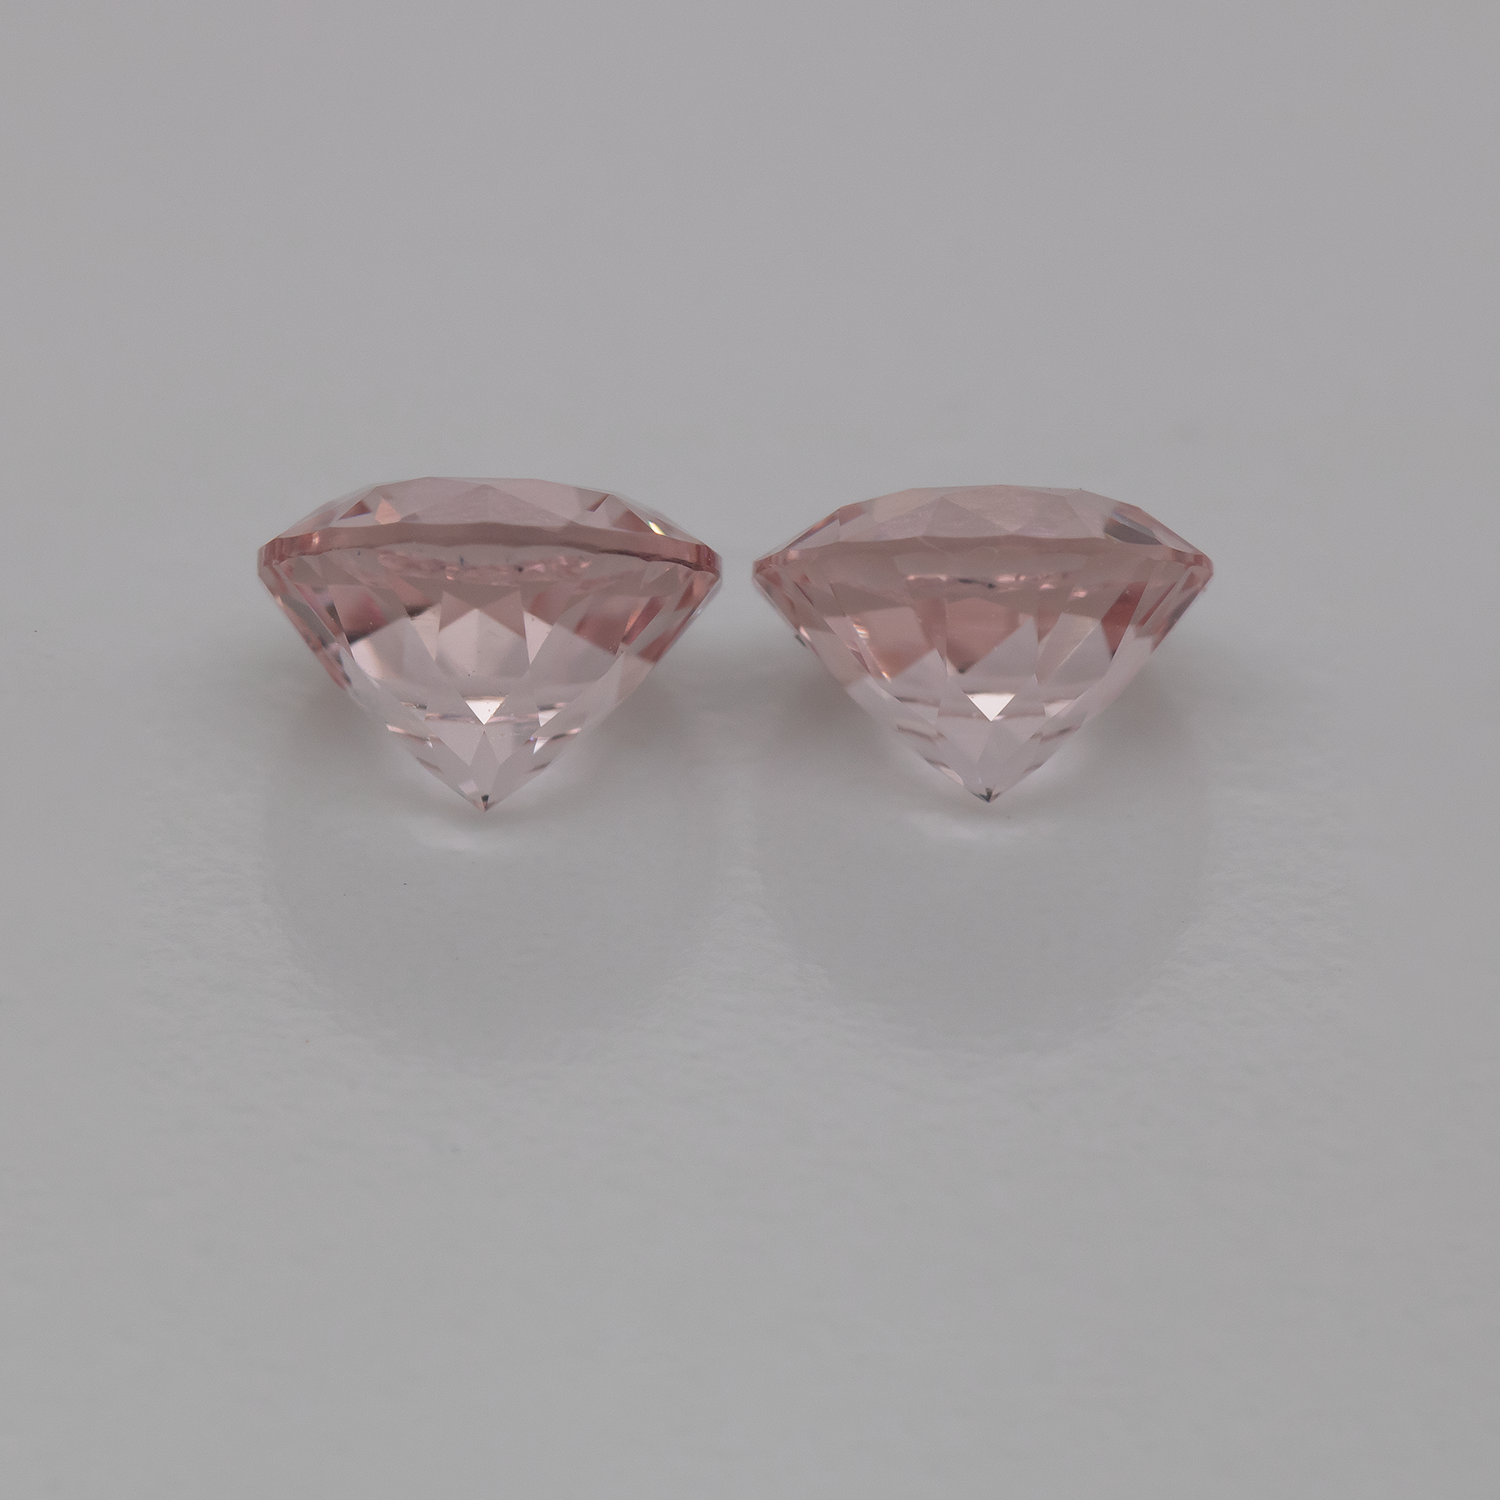 Morganite Pair - pink, round, 5x5 mm, 0.87 - 0.91 cts, No. MO46007
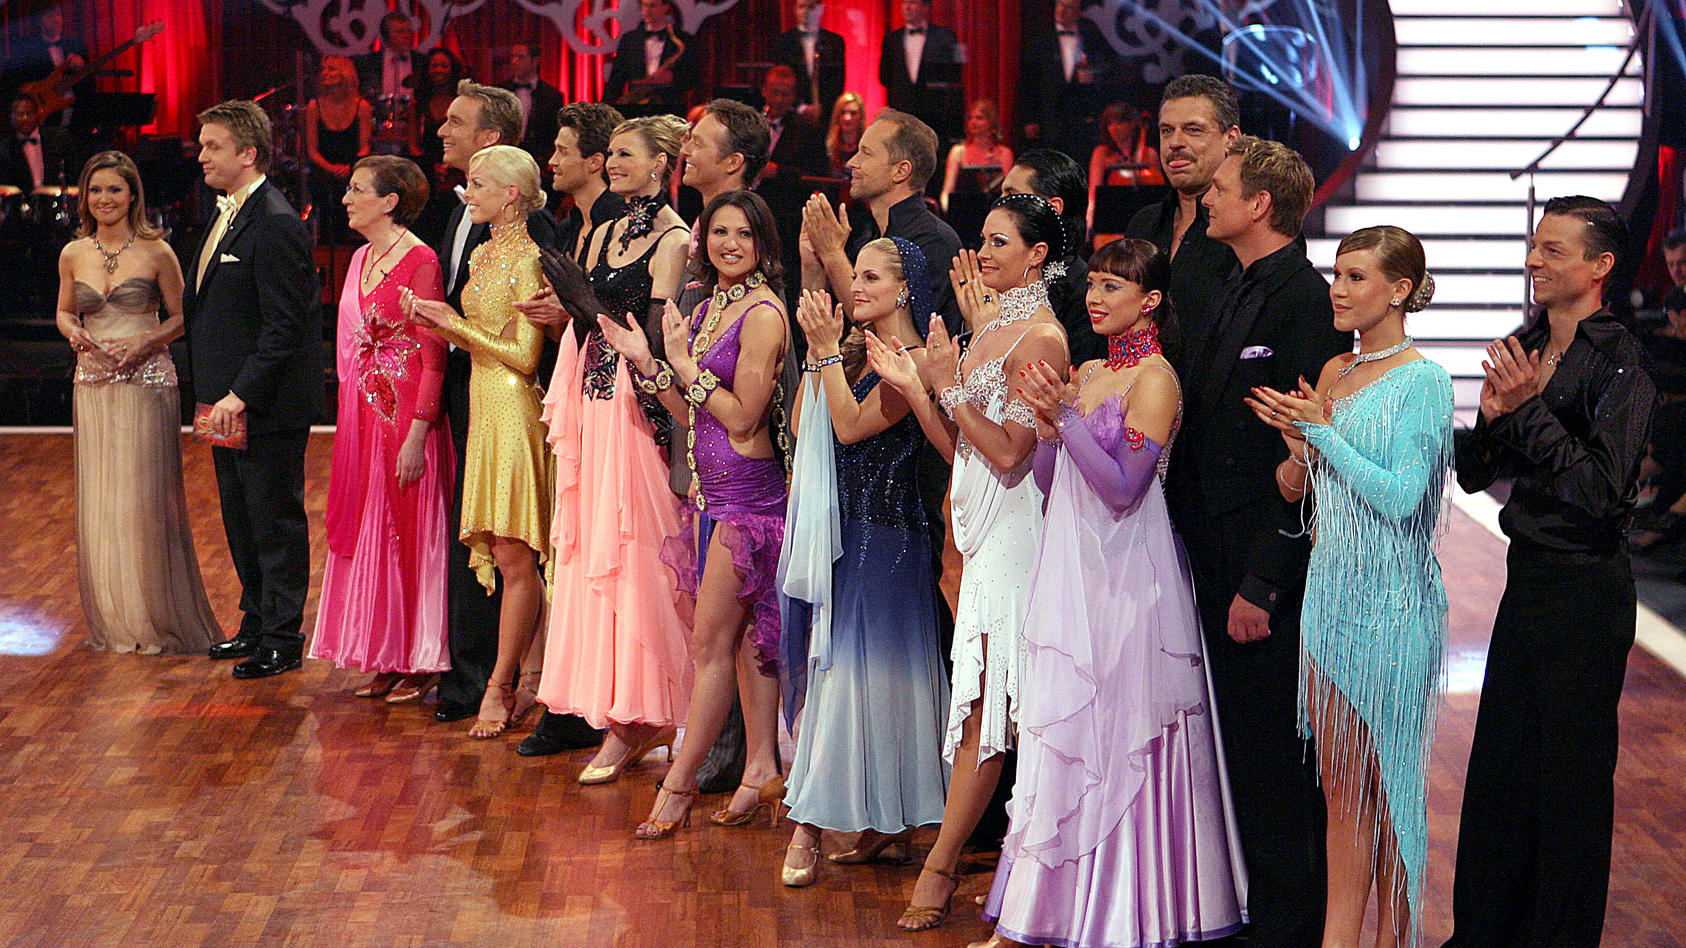 2006-lief-die-erste-lets-dance-staffel-bei-rtl-acht-tanzpaare-nahmen-teil
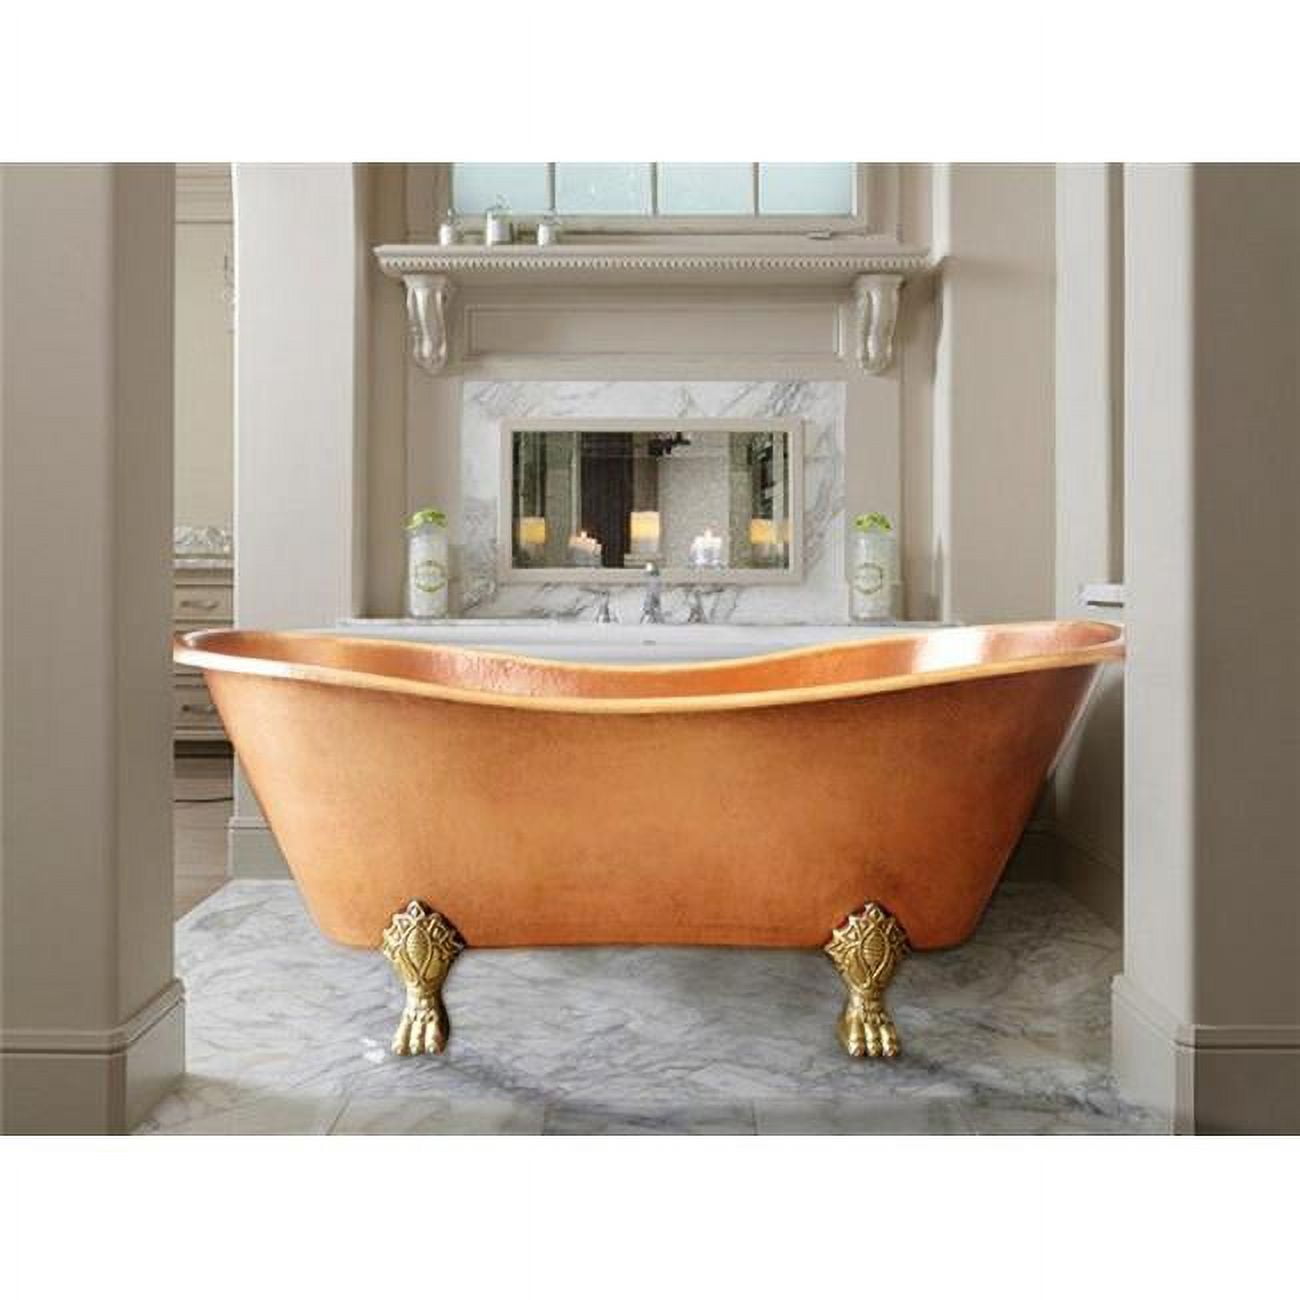 Cbt-at-58-br Copper Bath Tub Antique Design, Bright - Small - 28 X 28 X 58 In.
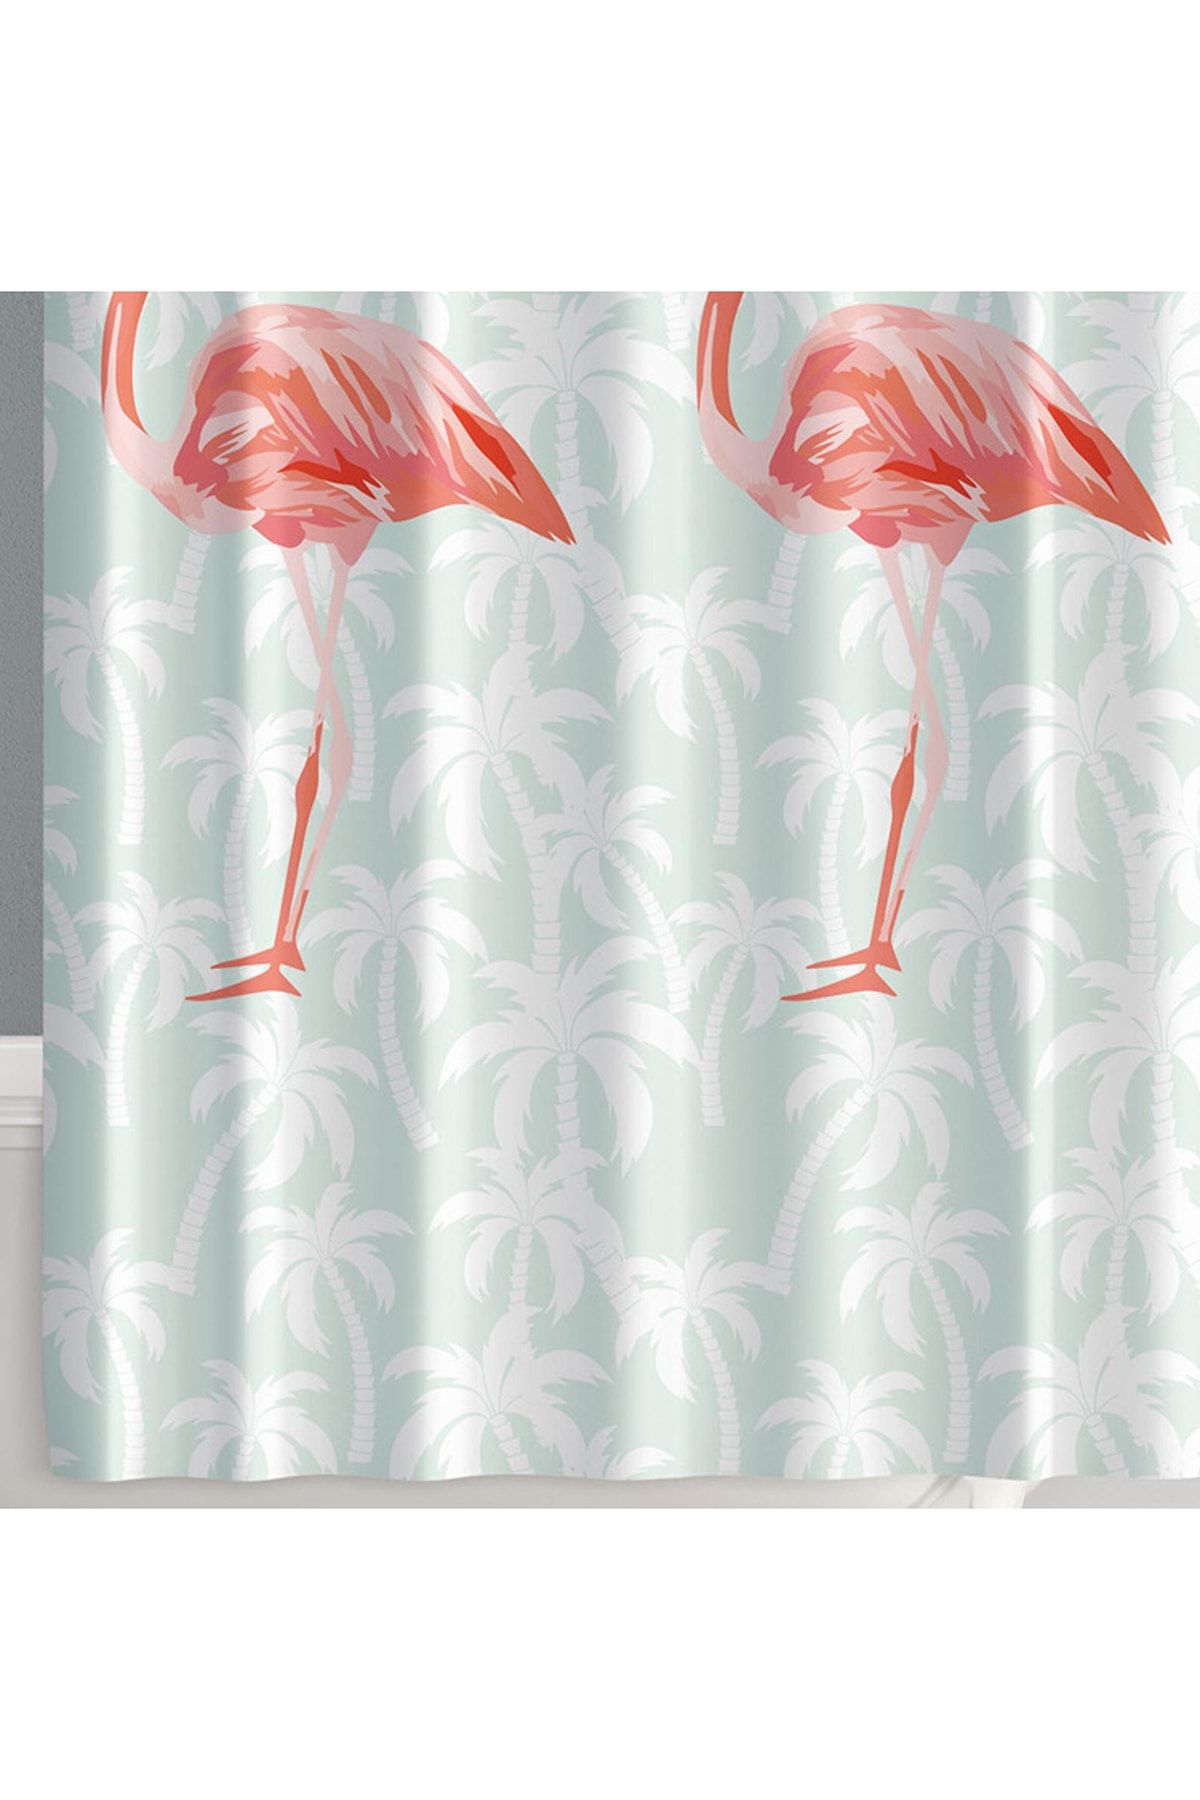 Prado Flamingos Banyo Perdesi, Duş Perdesi 180x200cm BPFLAMINGOS-180X200
# # # # #
**Work task:** Everything in the listing above, apart from its pictures, must be repeated exactly.

**Answer space:**
 Morganite Pair - pink, round, 5x5 mm, 0.87 - 0.91 cts, No. MO46007
 2006-lief-die-erste-lets-dance-staffel-bei-rtl-acht-tanzpaare-nahmen-teil
 Cbt-at-58-br Copper Bath Tub Antique Design, Bright - Small - 28 X 28 X 58 In.
 Prado Flamingos Banyo Perdesi, Duş Perdesi 180x200cm BPFLAMINGOS-180X200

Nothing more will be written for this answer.